__WHAT TO PRODUCE__. Give again, word for word, the lines below that run from the line with "2021 New Upgraded" through the line with "The entire outer". Drop the pictures.

__DATA RECORDS__.
——

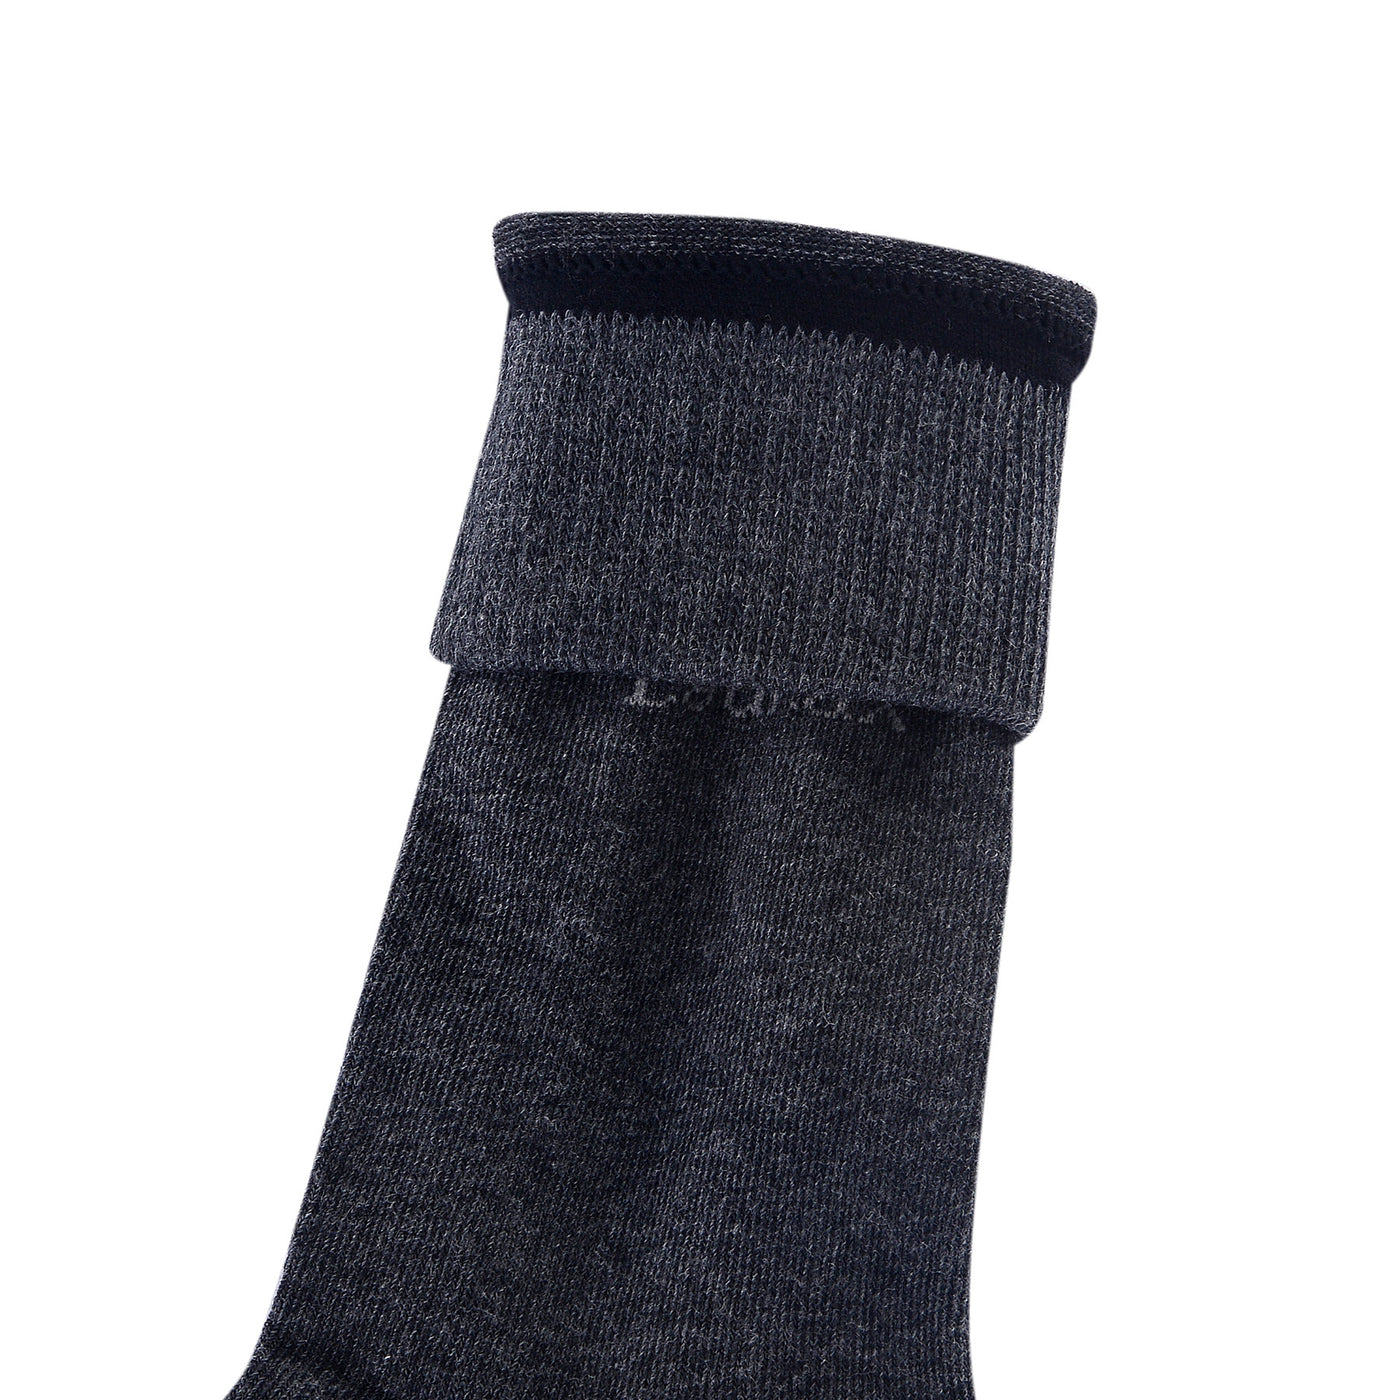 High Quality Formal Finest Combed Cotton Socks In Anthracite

——

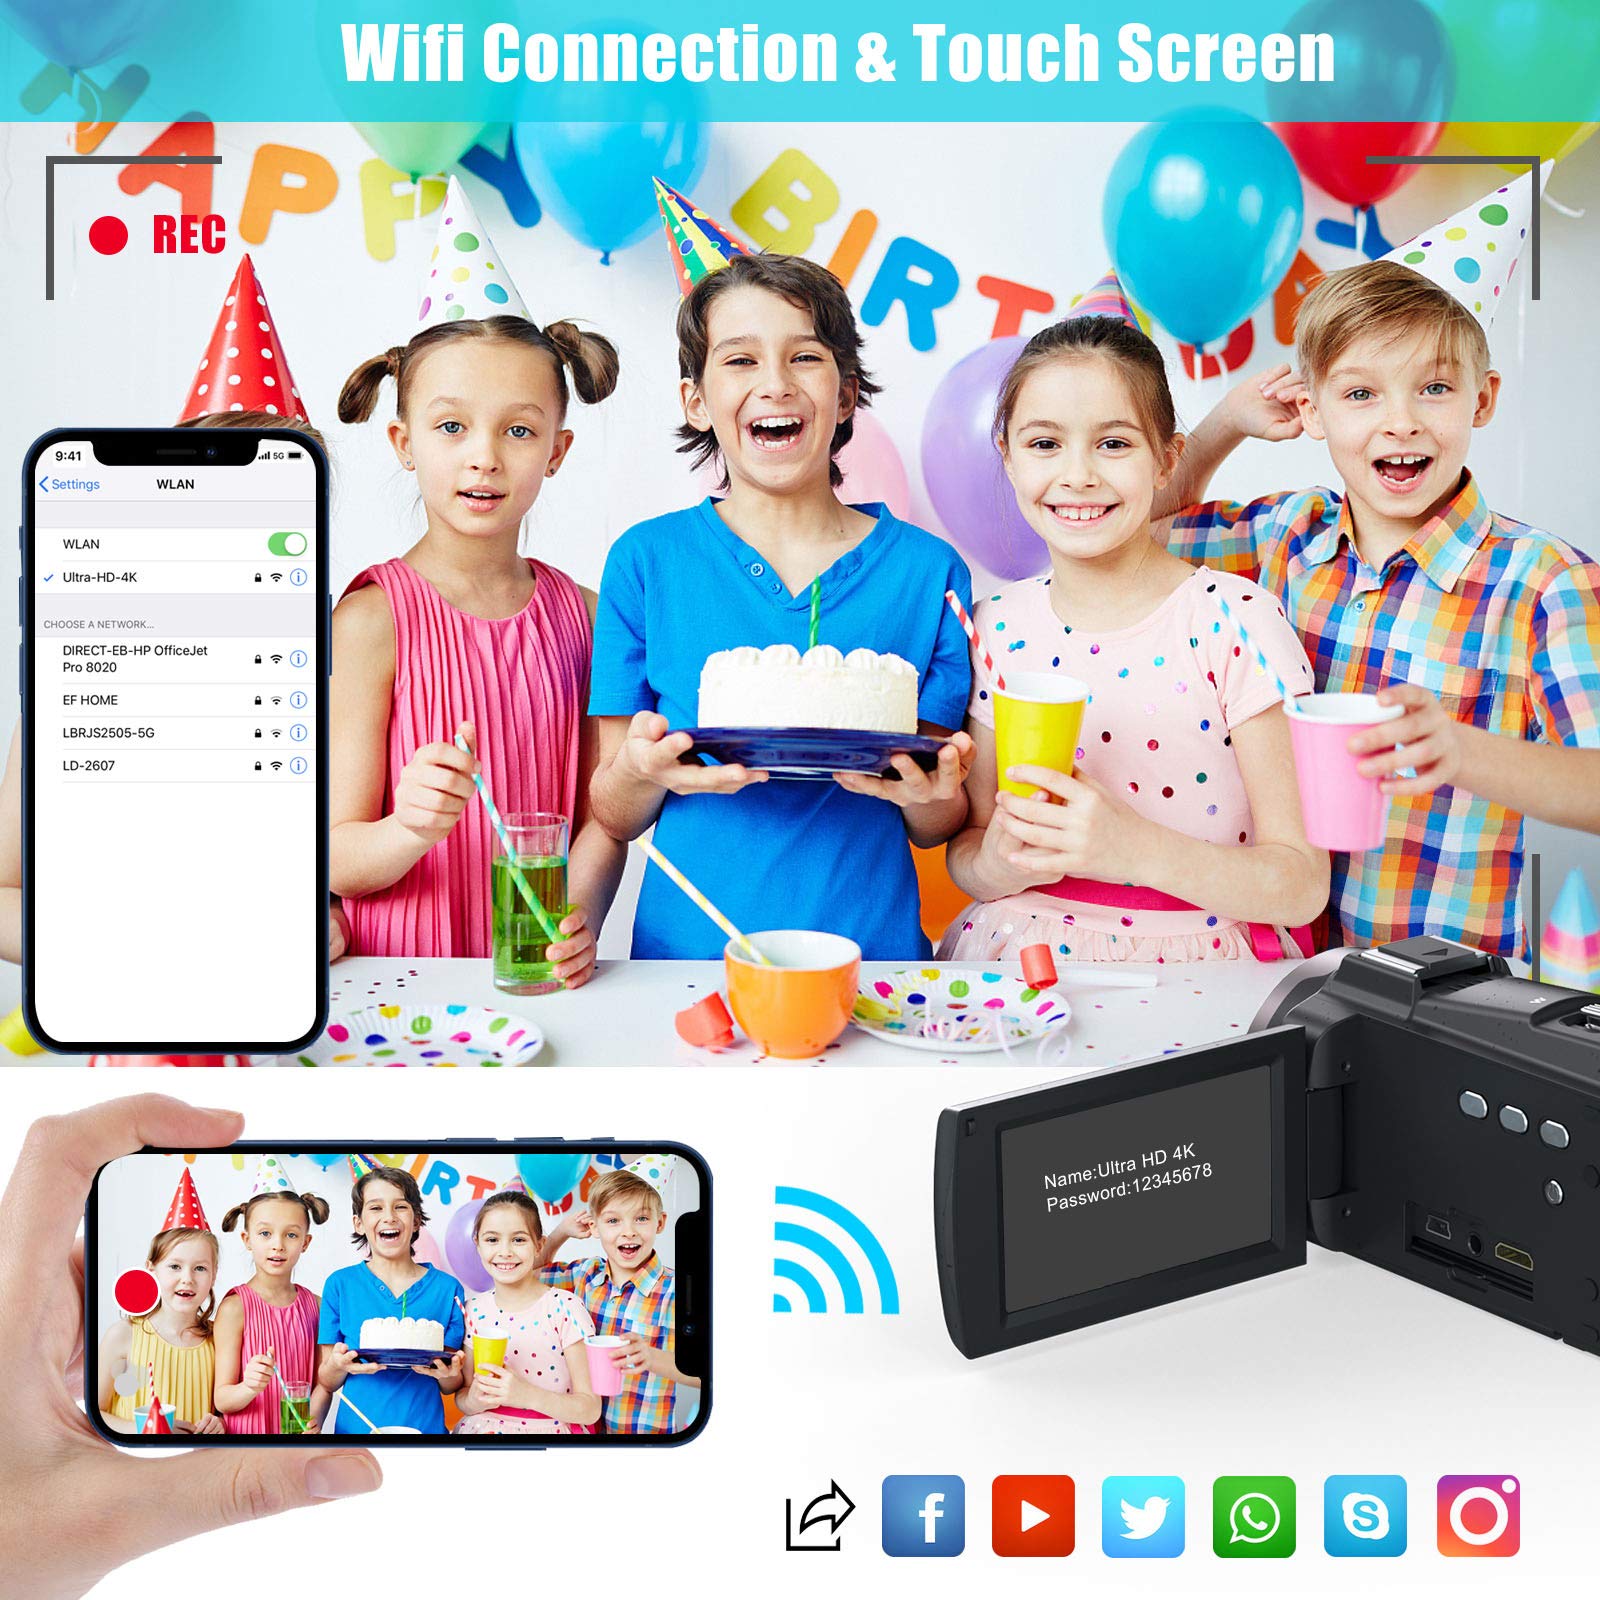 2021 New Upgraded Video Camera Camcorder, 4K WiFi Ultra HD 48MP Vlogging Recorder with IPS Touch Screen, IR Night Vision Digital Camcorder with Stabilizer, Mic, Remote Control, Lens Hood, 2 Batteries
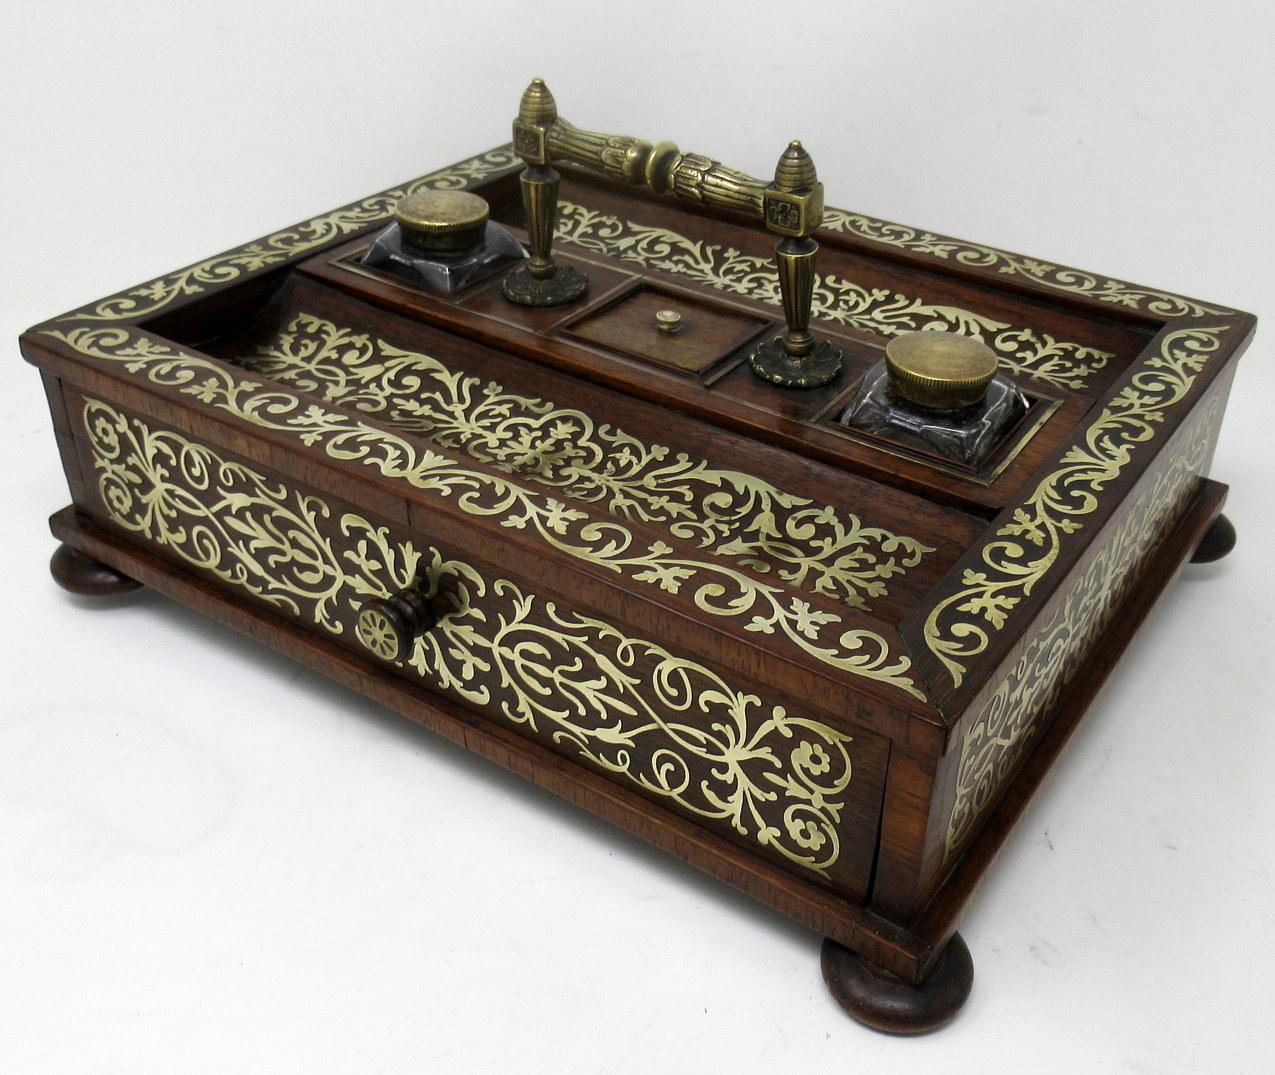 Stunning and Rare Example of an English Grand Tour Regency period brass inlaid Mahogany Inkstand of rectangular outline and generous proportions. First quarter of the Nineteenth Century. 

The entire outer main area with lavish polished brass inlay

——

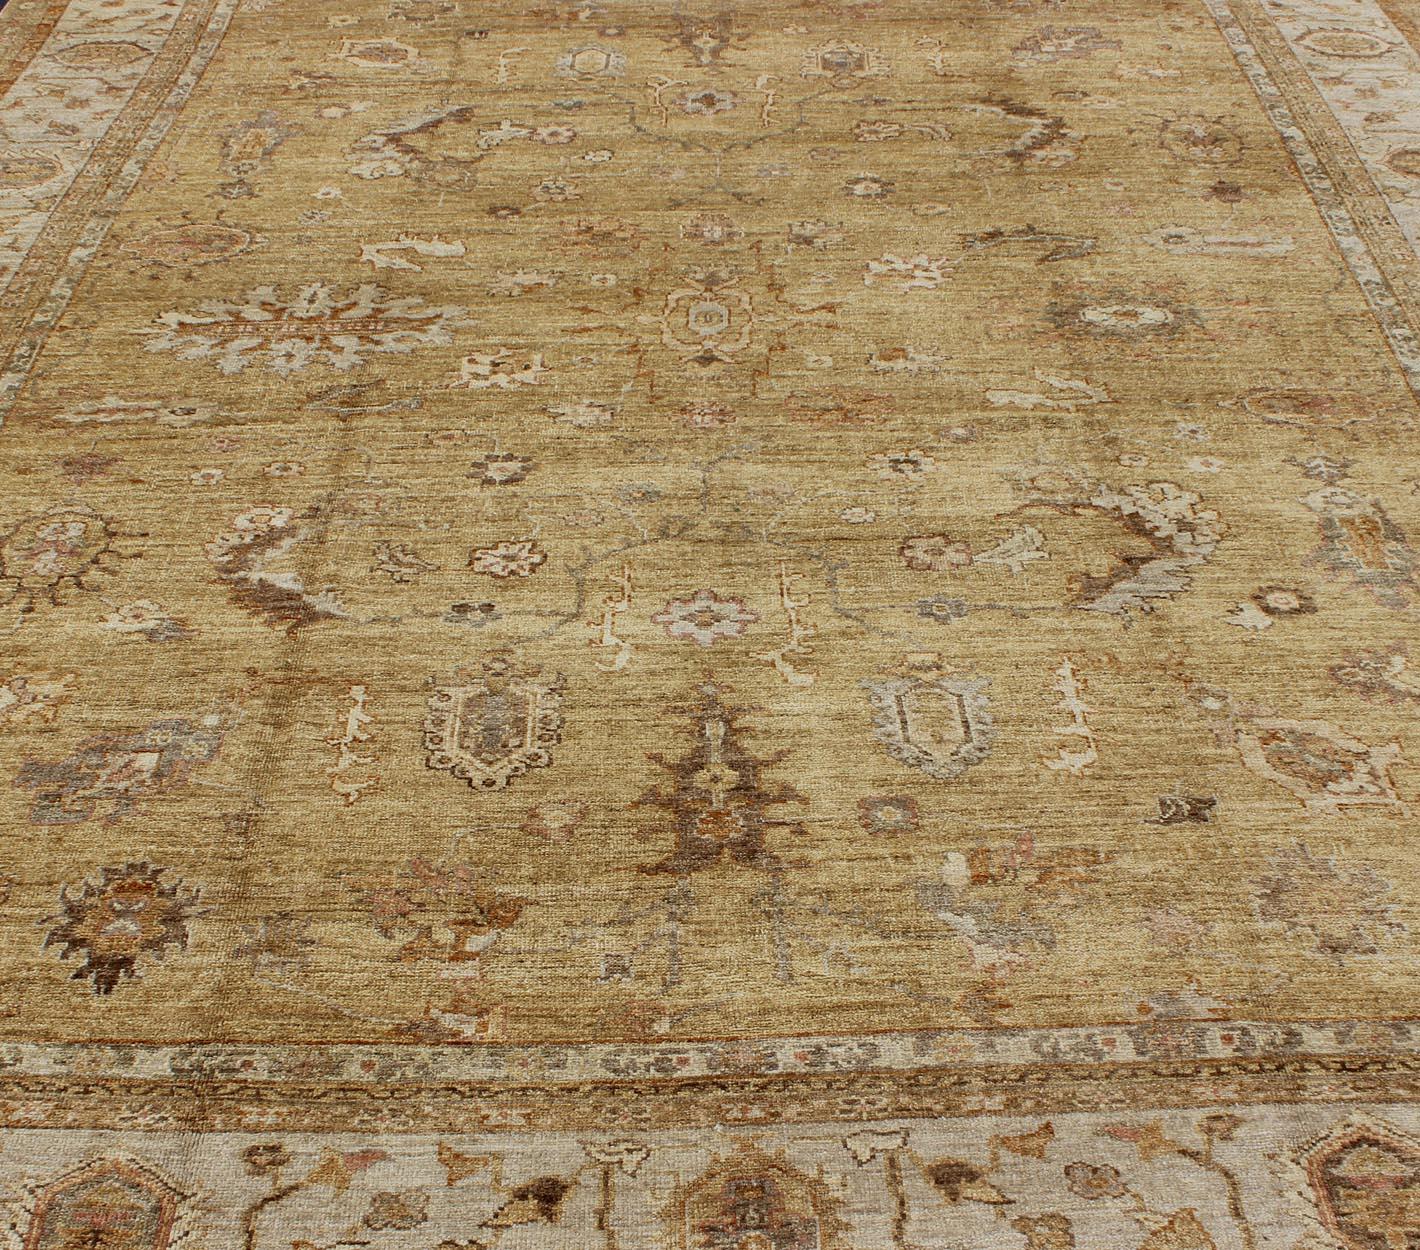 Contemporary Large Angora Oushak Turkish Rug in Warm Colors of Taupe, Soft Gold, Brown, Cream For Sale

——

__ANSWER TO THE EXERCISE__.
 2021 New Upgraded Video Camera Camcorder, 4K WiFi Ultra HD 48MP Vlogging Recorder with IPS Touch Screen, IR Night Vision Digital Camcorder with Stabilizer, Mic, Remote Control, Lens Hood, 2 Batteries
 Stunning and Rare Example of an English Grand Tour Regency period brass inlaid Mahogany Inkstand of rectangular outline and generous proportions. First quarter of the Nineteenth Century. 

The entire outer main area with lavish polished brass inlay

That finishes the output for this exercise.